§ TASK REQUIREMENTS: At the line that holds "Sha Wellness Deluxe Suite Sejour AlicanteJPG", start repeating, and keep going exactly through the final line of the material; include both ends and skip the pictures.

§ GIVEN DATA:
>>>>

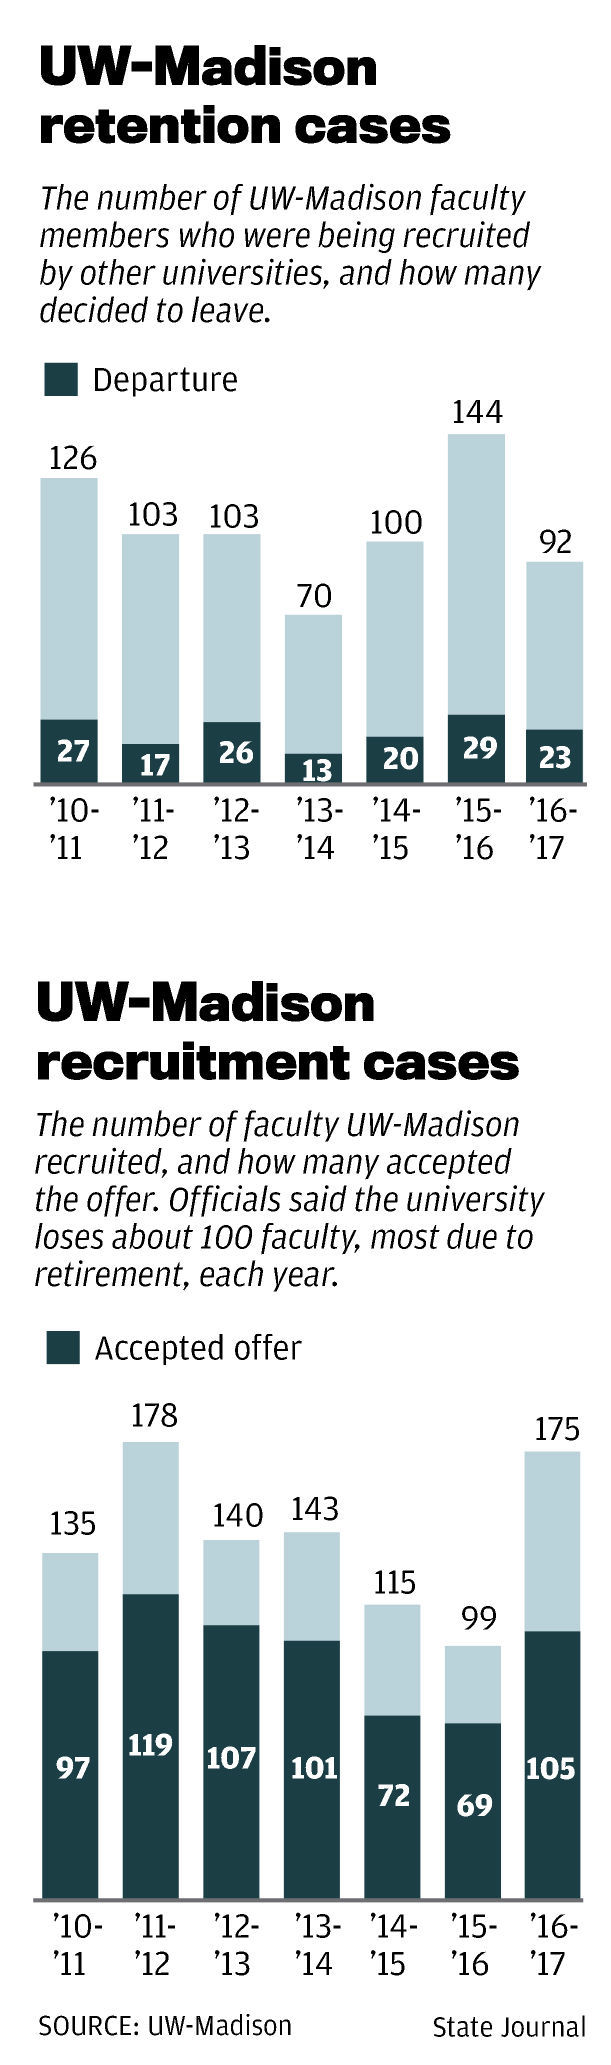 UW-Madison retention and recruitment cases
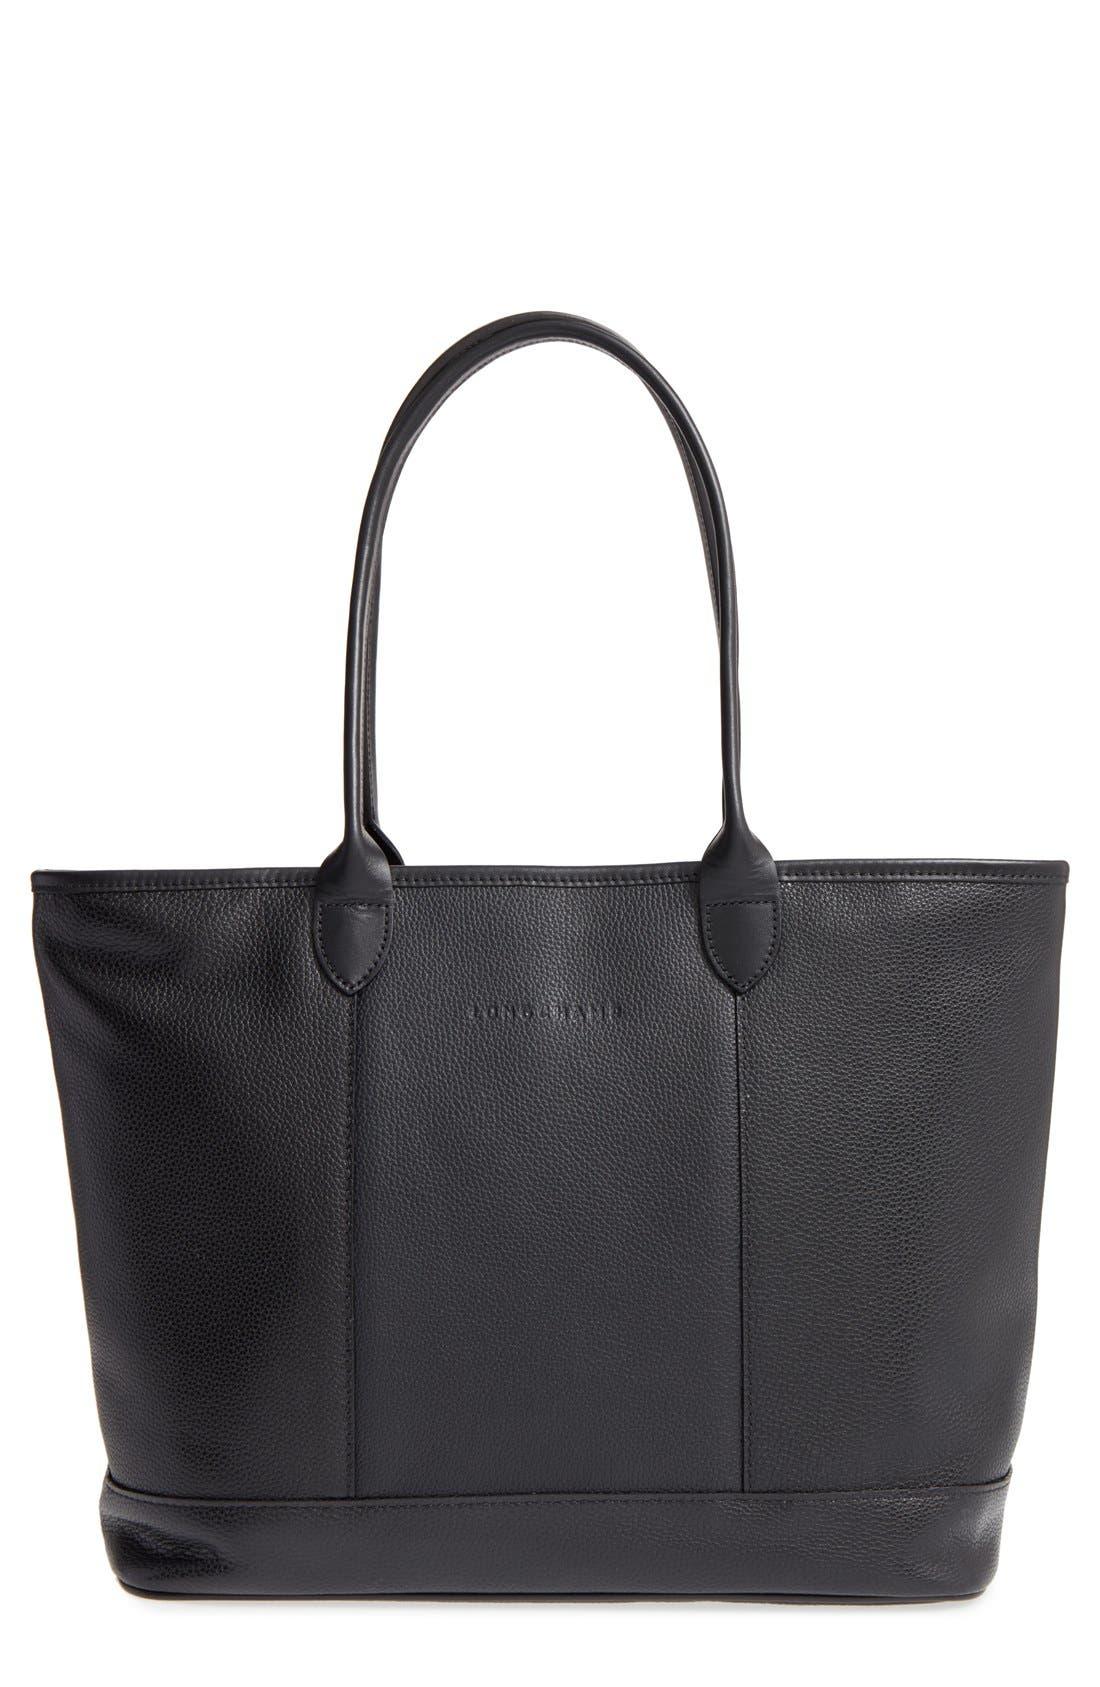 Longchamp 'Veau' Leather Tote
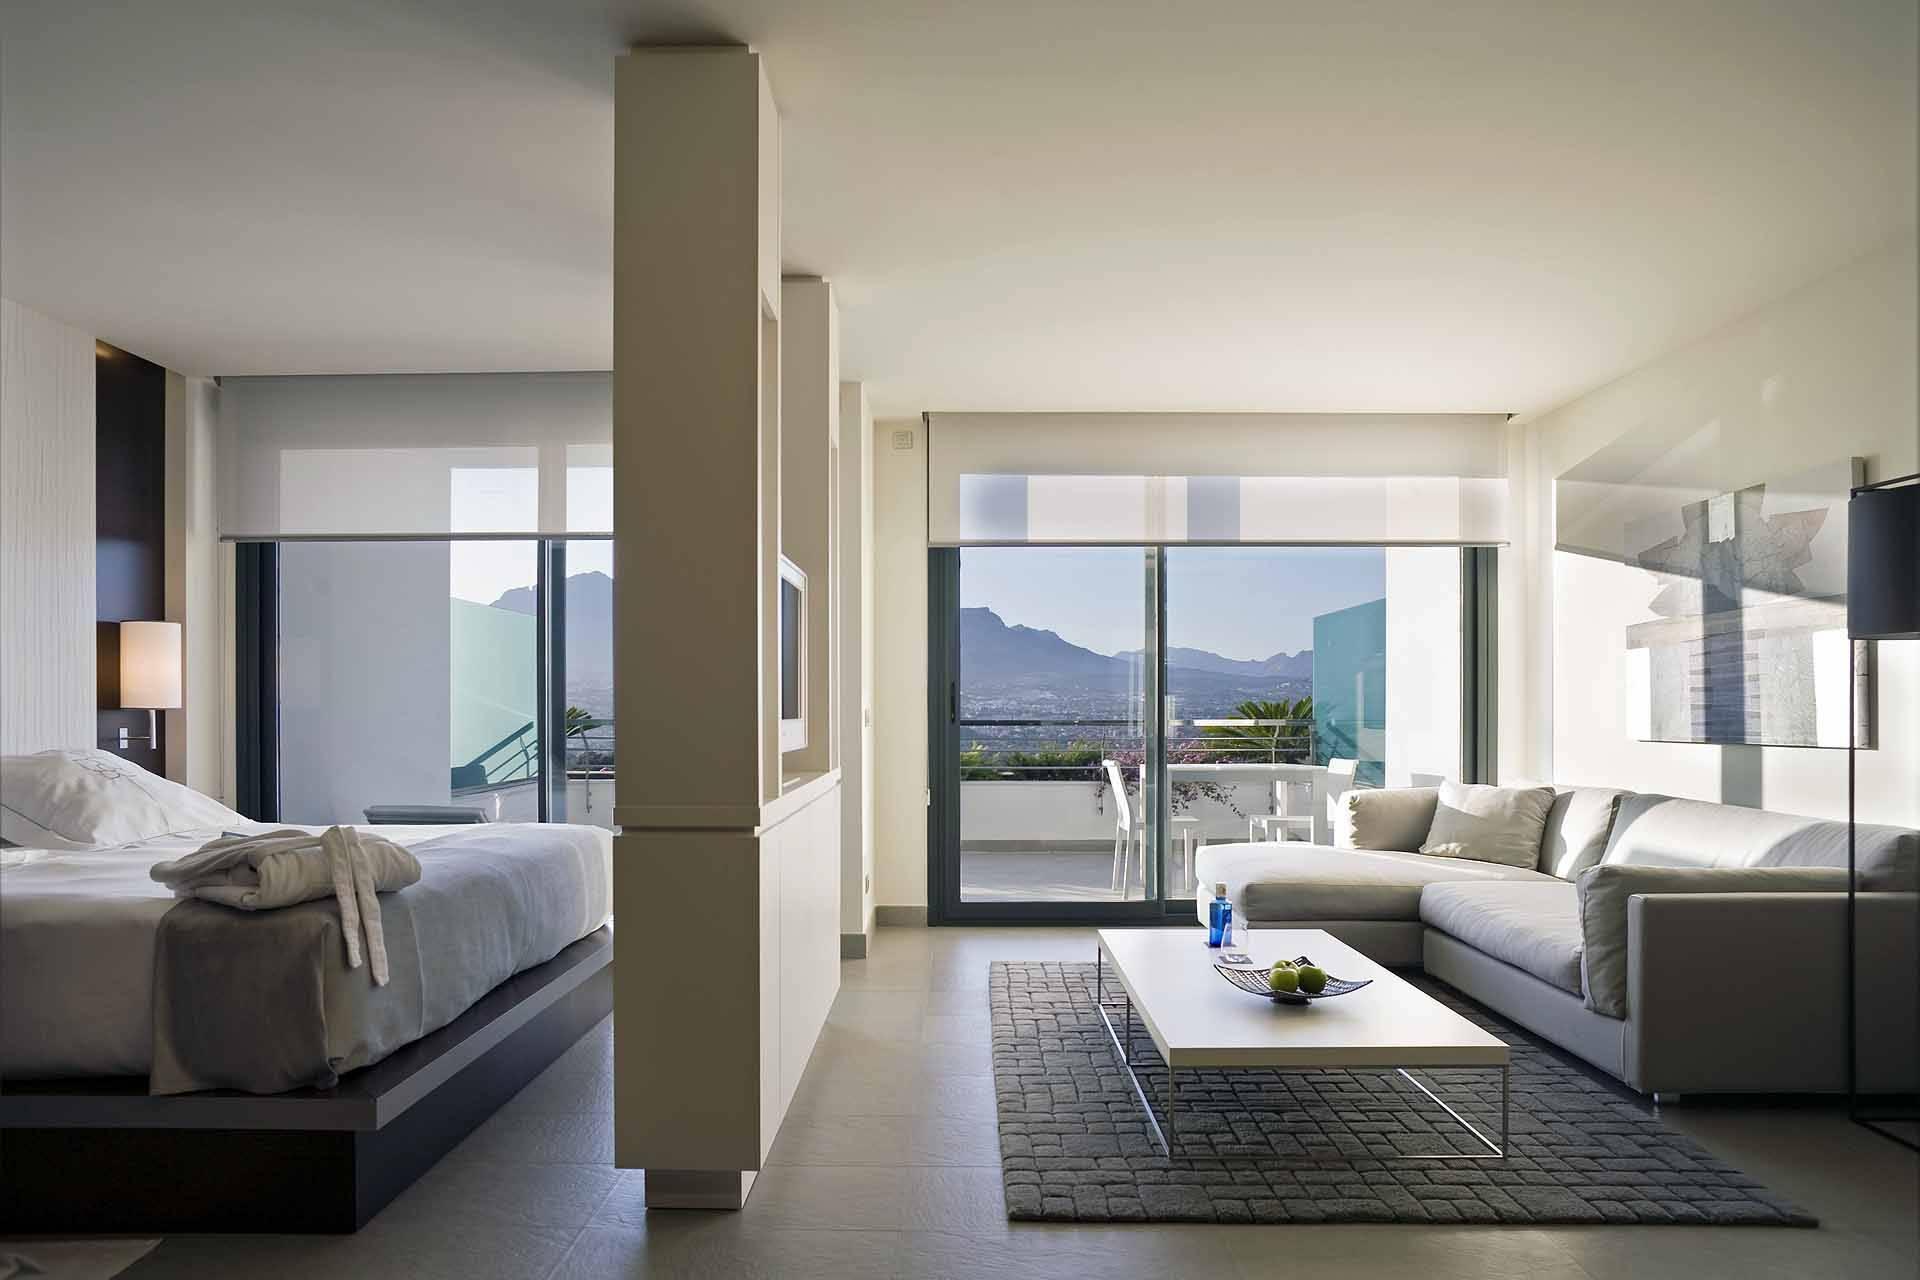 Sha Wellness Deluxe Suite Sejour AlicanteJPG
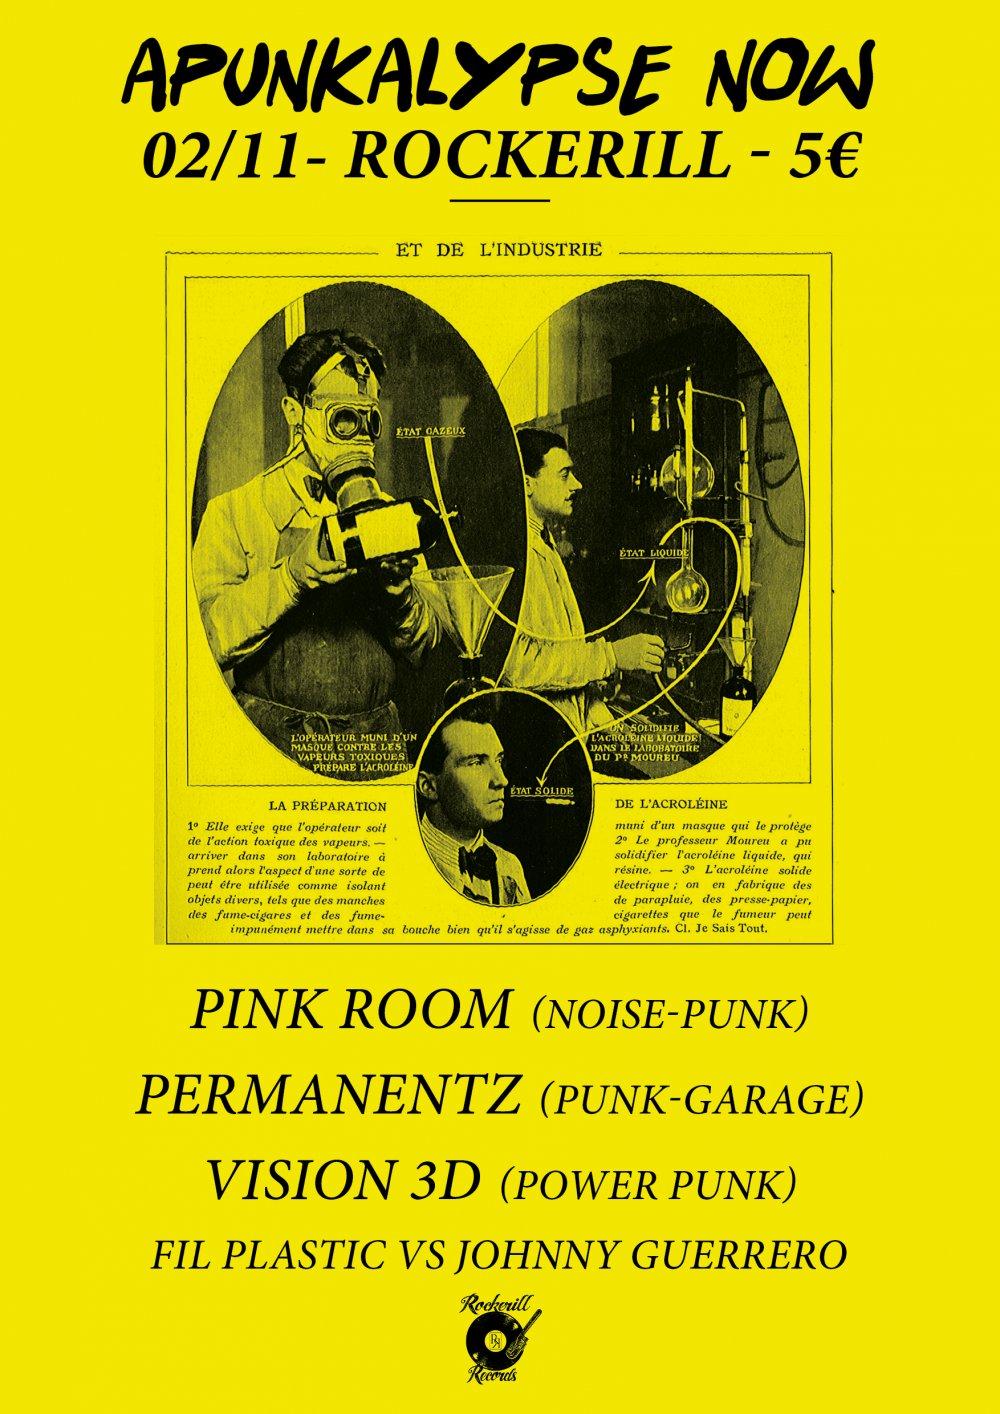 Apunkalypse Now! Pink Room/Vision 3D/ Permanentz

<<<<

§ FINISHED TASK:
 Sha Wellness Deluxe Suite Sejour AlicanteJPG
 Apunkalypse Now! Pink Room/Vision 3D/ Permanentz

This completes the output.